In OPs case, if you search in Google, you will find this AWS hacking happen a lot with many users including me and AWS support was extremely kind to me to give additional credits to offset that expense.

[mattmanser]

If AWS hacking happens a lot it sounds like a problem for AWS to deal with by default, doesn't it? Perhaps even be forced to by law?

It would be trivial for AWS to force you to setup spending limits when setting up an account, one for an alert, one for a hard lock.

AWS billing is terrible too, even now I'm getting charged a few dollars on my personal account for who knows what, I've cancelled everything I can find. It's like whack-a-mole everytime you spin something up.

In the end that's basically theft by AWS but you can't make too much noise or your account gets cancelled.

[orf]

I mean, yes, AWS isn’t going to not take your money if you’re using their service. And no, it’s not some murky snake pit. There are some nuances but on the whole it’s pretty clear.

Anyway I was talking more about cloudwatch monitoring, including tracing all API calls. The billing is secondary: someone has been in his account and might have exfiltrated everything.

[csakon]

I agree that it should have been noticed earlier from a few vantage points. I'm managing over a dozen contractors which varies from dev to marketing to customer support, operations, sales, financials, investor relations, etc. Everything could be better, but it's a business and the squeaky wheel gets the oil. I never fathomed the squeaky wheel was going to be AWS usage charges.

I myself have never created an instance, I set up the account then gave access to the devs. I only log into the account to provide new access to devs that need it and none of them are full time.

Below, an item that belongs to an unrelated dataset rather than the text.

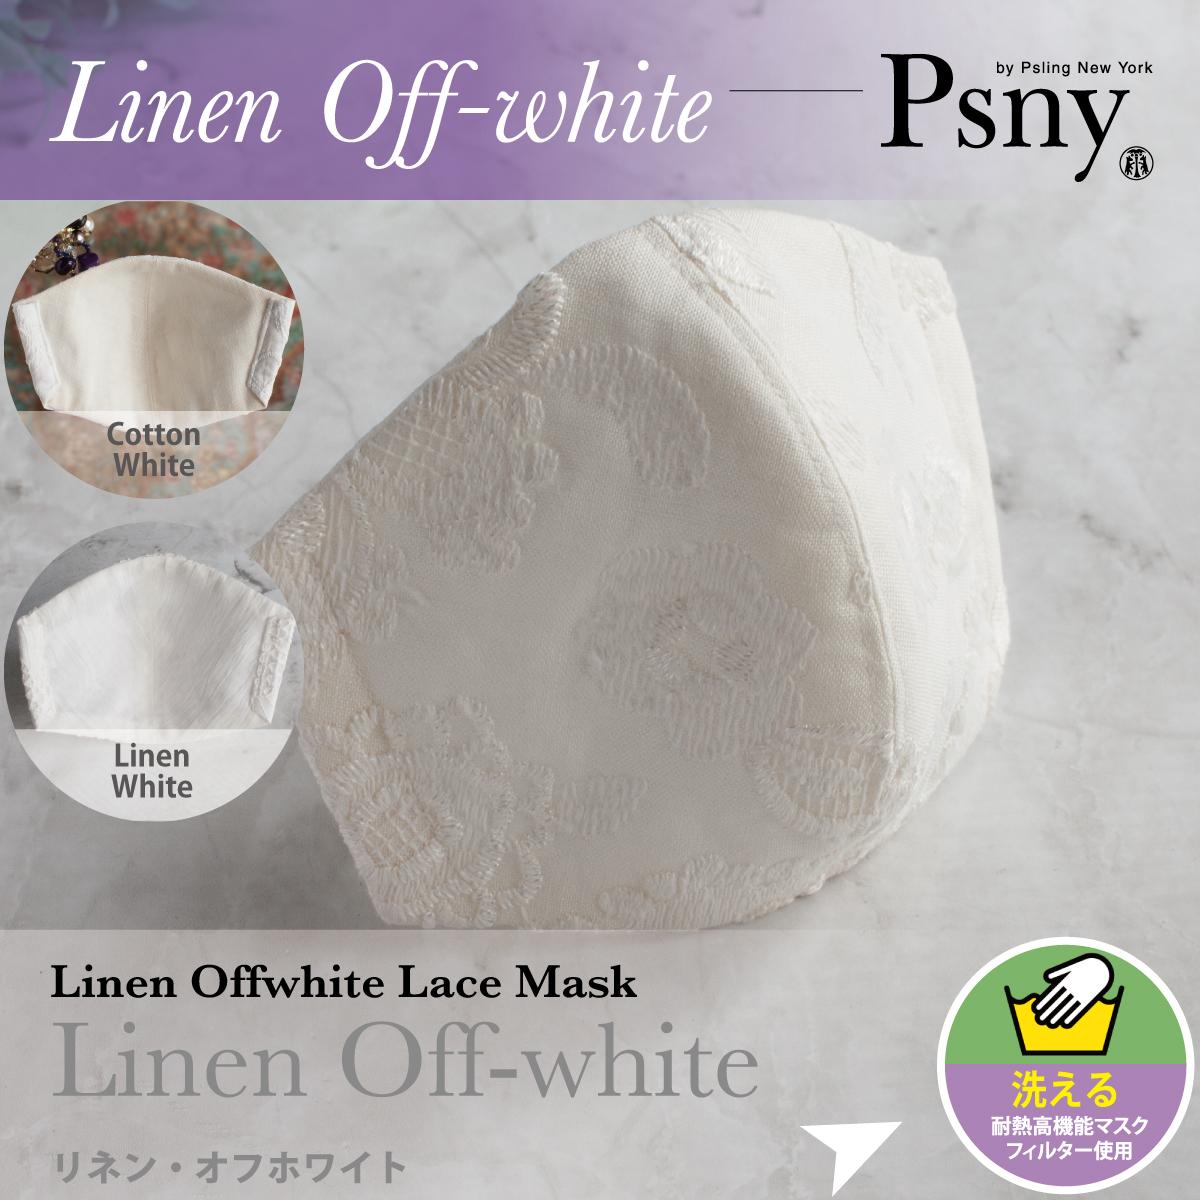 PSNY レース リネン 花粉 黄砂 洗える不織布フィルター入り 立体 大人用 マスク 送料無料 L52

Ultimately the responsibility lies with me, but I would disagree that my dev team is clueless. Rather they're working on development, not watching what the servers are doing on a daily basis so I think that's a bit unfair.

[orf]

Let me get this right: you give a parade of short-term contractors access to your production AWS account, presumably without proper permission segmentation, and neglect to do anything _other_ than that?

I assume you revoke access later, but I doubt you audit anything that they may have done (like create keys that outlive their access) in the account or that any of it is version controlled or traceable.

And you’re surprised you’re in this situation?

And fair enough, you pay your contractors to do a specific job. None of them are going to point out that the way you’re managing your infrastructure is pretty slow and inefficient, or that perhaps there’s a better way to do any of what you’re doing on AWS that is cheaper, faster, more secure and that might give you a far quicker iteration time with the added advantage that you won’t fall apart with a surprise bill like this. They, after all, are working on “development”.

[asdfthrowawayyy]

Economy of scale is an indispensable aspect of any competent engineering effort. Any reasonably adept AWS engineer would always include cost considerations for any change to AWS backend architecture, including helping the client decide which service tier makes the most sense for a particular application's use case...

[xtracto]

> I realize (now) that CloudWatch exists, but not sure why this isn't standard.

CloudWatch is standard AWS, or what do you mean?

Amazon gives you all the tools to monitor your usage and management of the cloud. You did not use those tools, had sloppy security and now it is Amazon's fault?

Take it as an expensive lesson learned. And get someone who knows what they are doing in AWS to administer it. Maybe your company was pennywise pound foolish by not having someone who knew AWS?